Good news/bad news. After having a few problems with the Accel distributor, the engine seems to be fixed and quite happy. Accel has the best customer service I have ever run across, but I don't have the time to tell that story right now. During a shakedown run the night before the September ASCC autocross, the steering box died. Crunch grind crunch grind grind. Well, a rebuild for that one is not cheap, and I'm trying to decide if I want to rebuild it or re-design the system to use another type of steering box. So, the cars sits, as Mike G. would say "...in a Chevy's natural habitat", up on jackstands in the garage. <sigh>

Update 8/4/00

Done! The engine was started for the first time last Saturday, and has been pretty good since then.

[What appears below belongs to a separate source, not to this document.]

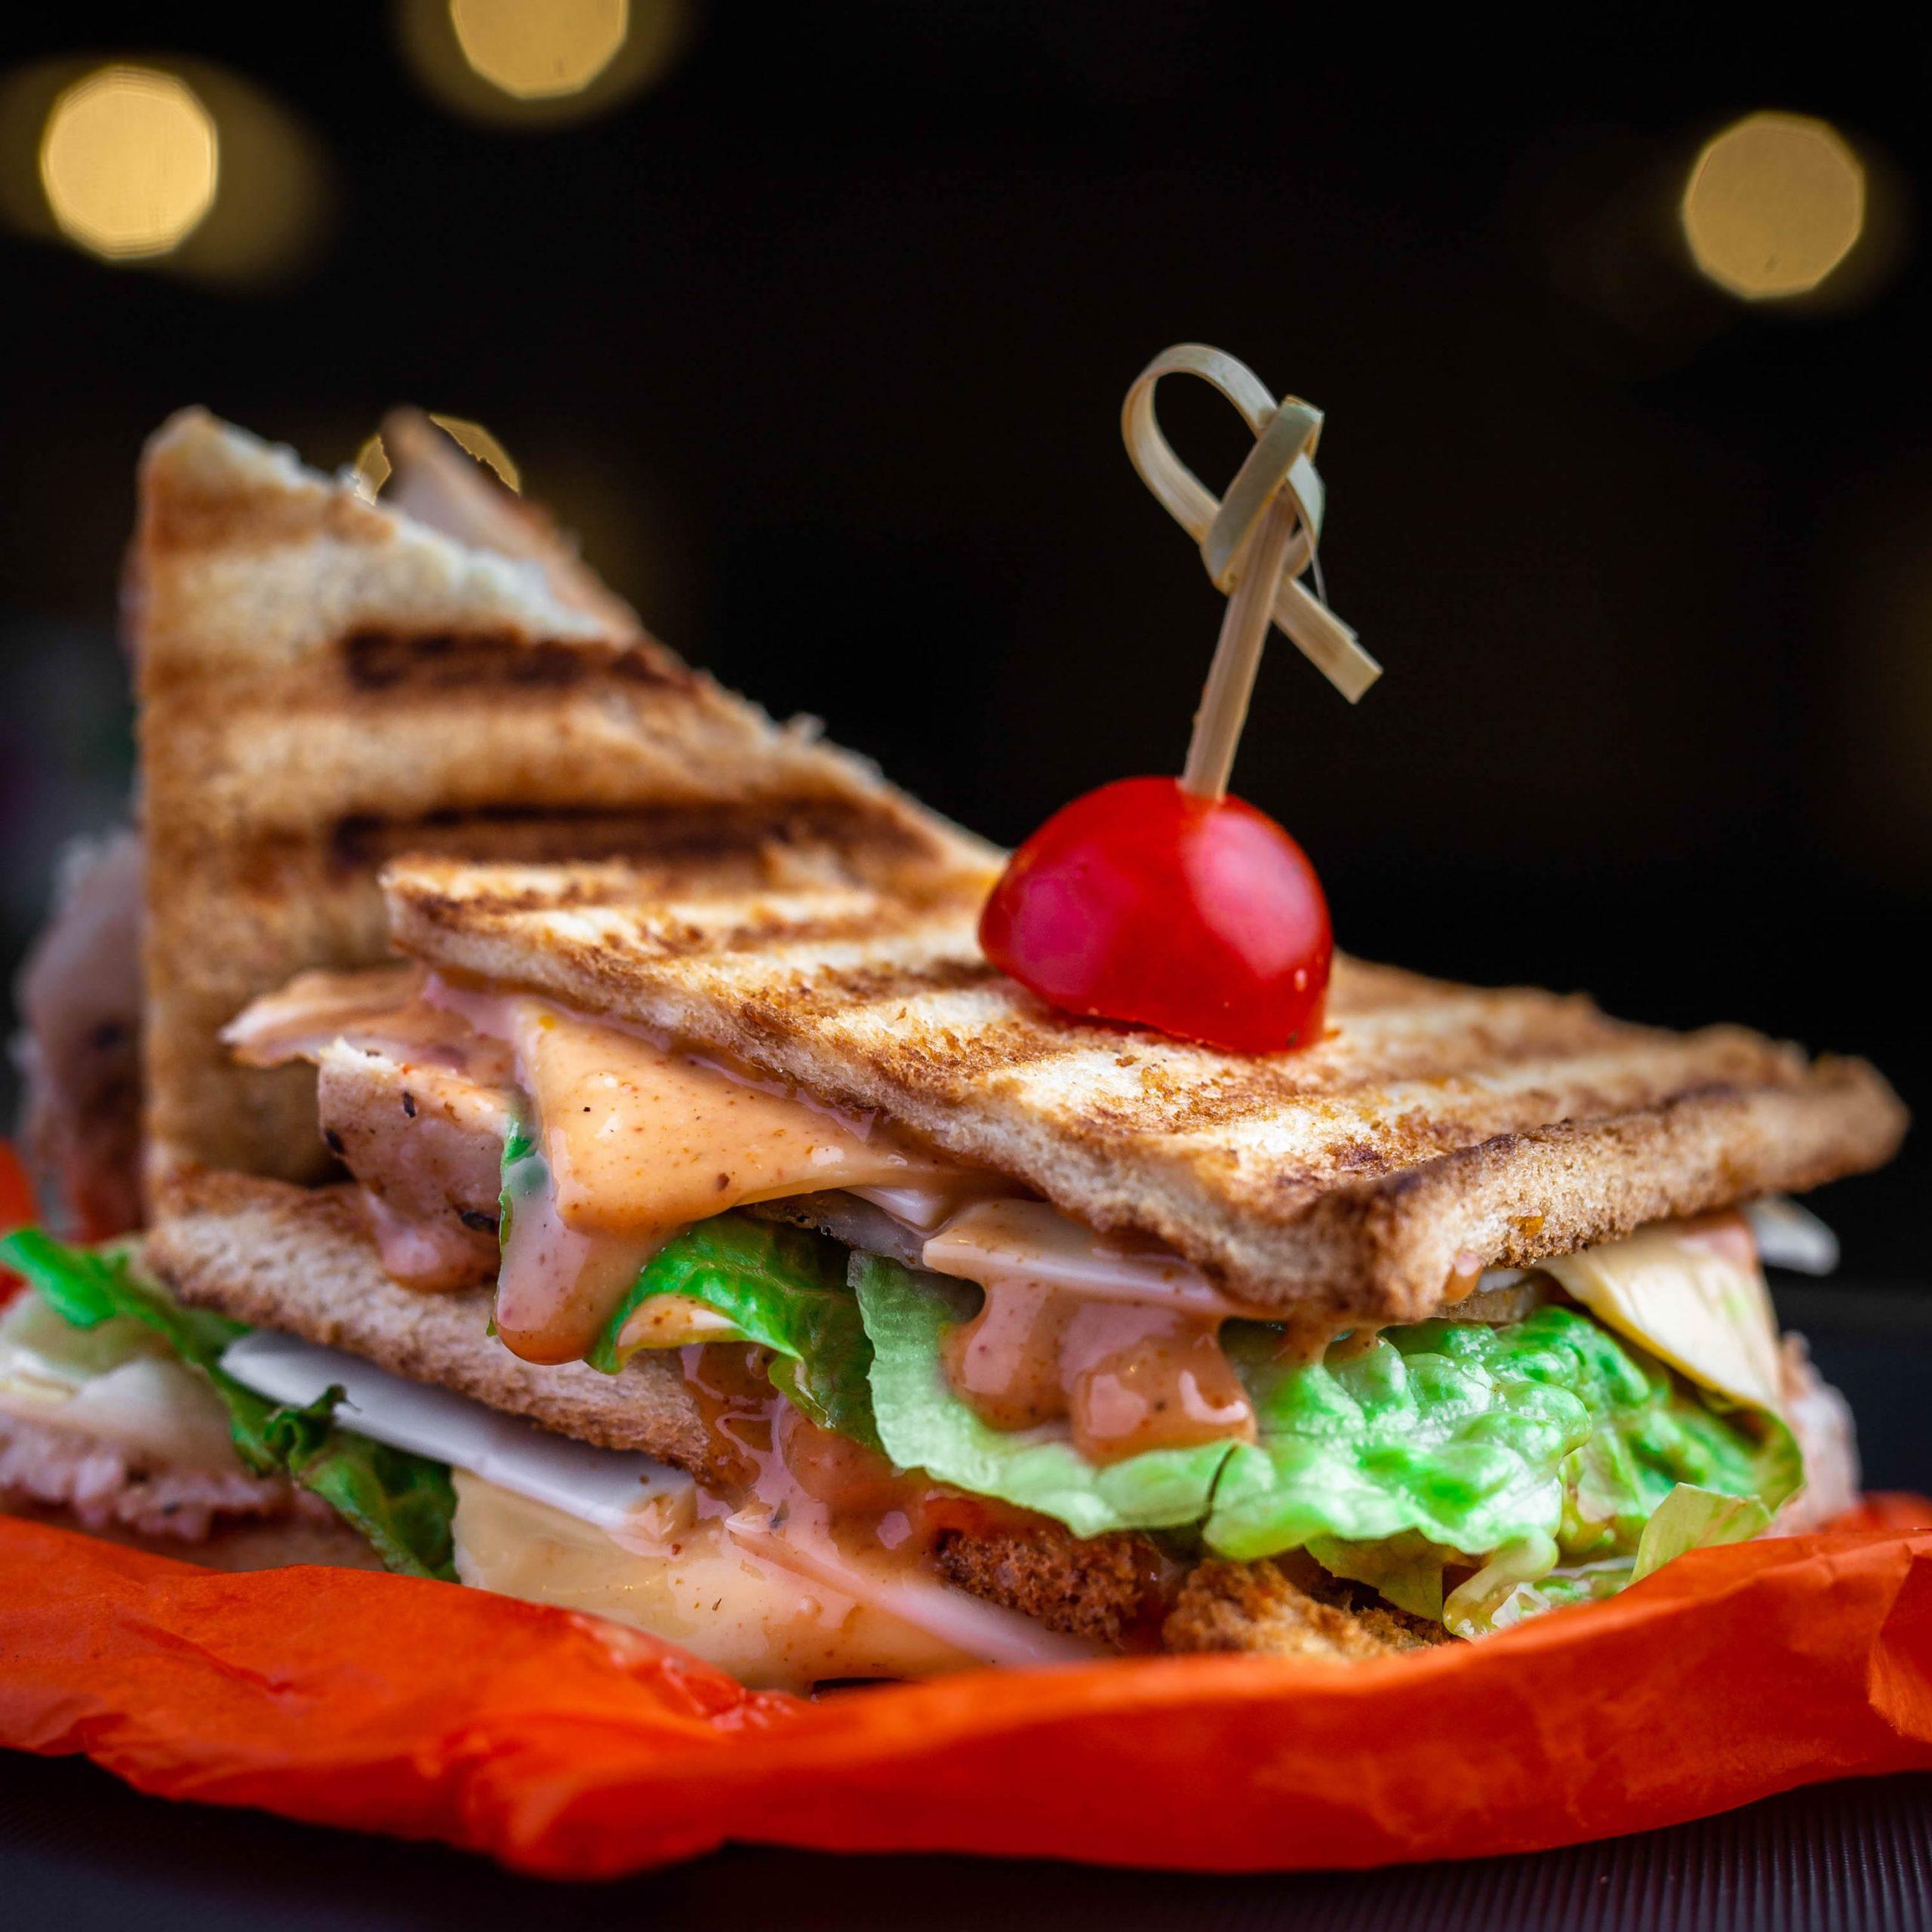 Oeuvre sandwich

We've had a rash of thunderstorms around here lately, but I have managed to get some break in miles on it. It's working just as I planned. The additional displacement and the slightly milder cam has made it very strong on the bottom end. The numerically lower rear gears puts this newfound low end power to good use. Great! I haven't taken it past 4000 rpm yet because of the break-in procedure, but it feels nice towards the top too. I'm very pleased.

A couple of notes:

I used one of the new Fel-Pro blue silicon one piece oil pan gaskets and it's worth every penny! That motor doesn't leak a drop of oil. They are about $40, but I will never use anything else again. Hank at Maddog Pro-Formance made me a small aluminum spacer for my crank pulley to help get my belt aligned. it worked wonders. This man can make almost anything and billet aluminum is his specialty. He is currently working on a hexagonal coolant recovery tank for me. We're still laying it out, but it looks nice even at this stage.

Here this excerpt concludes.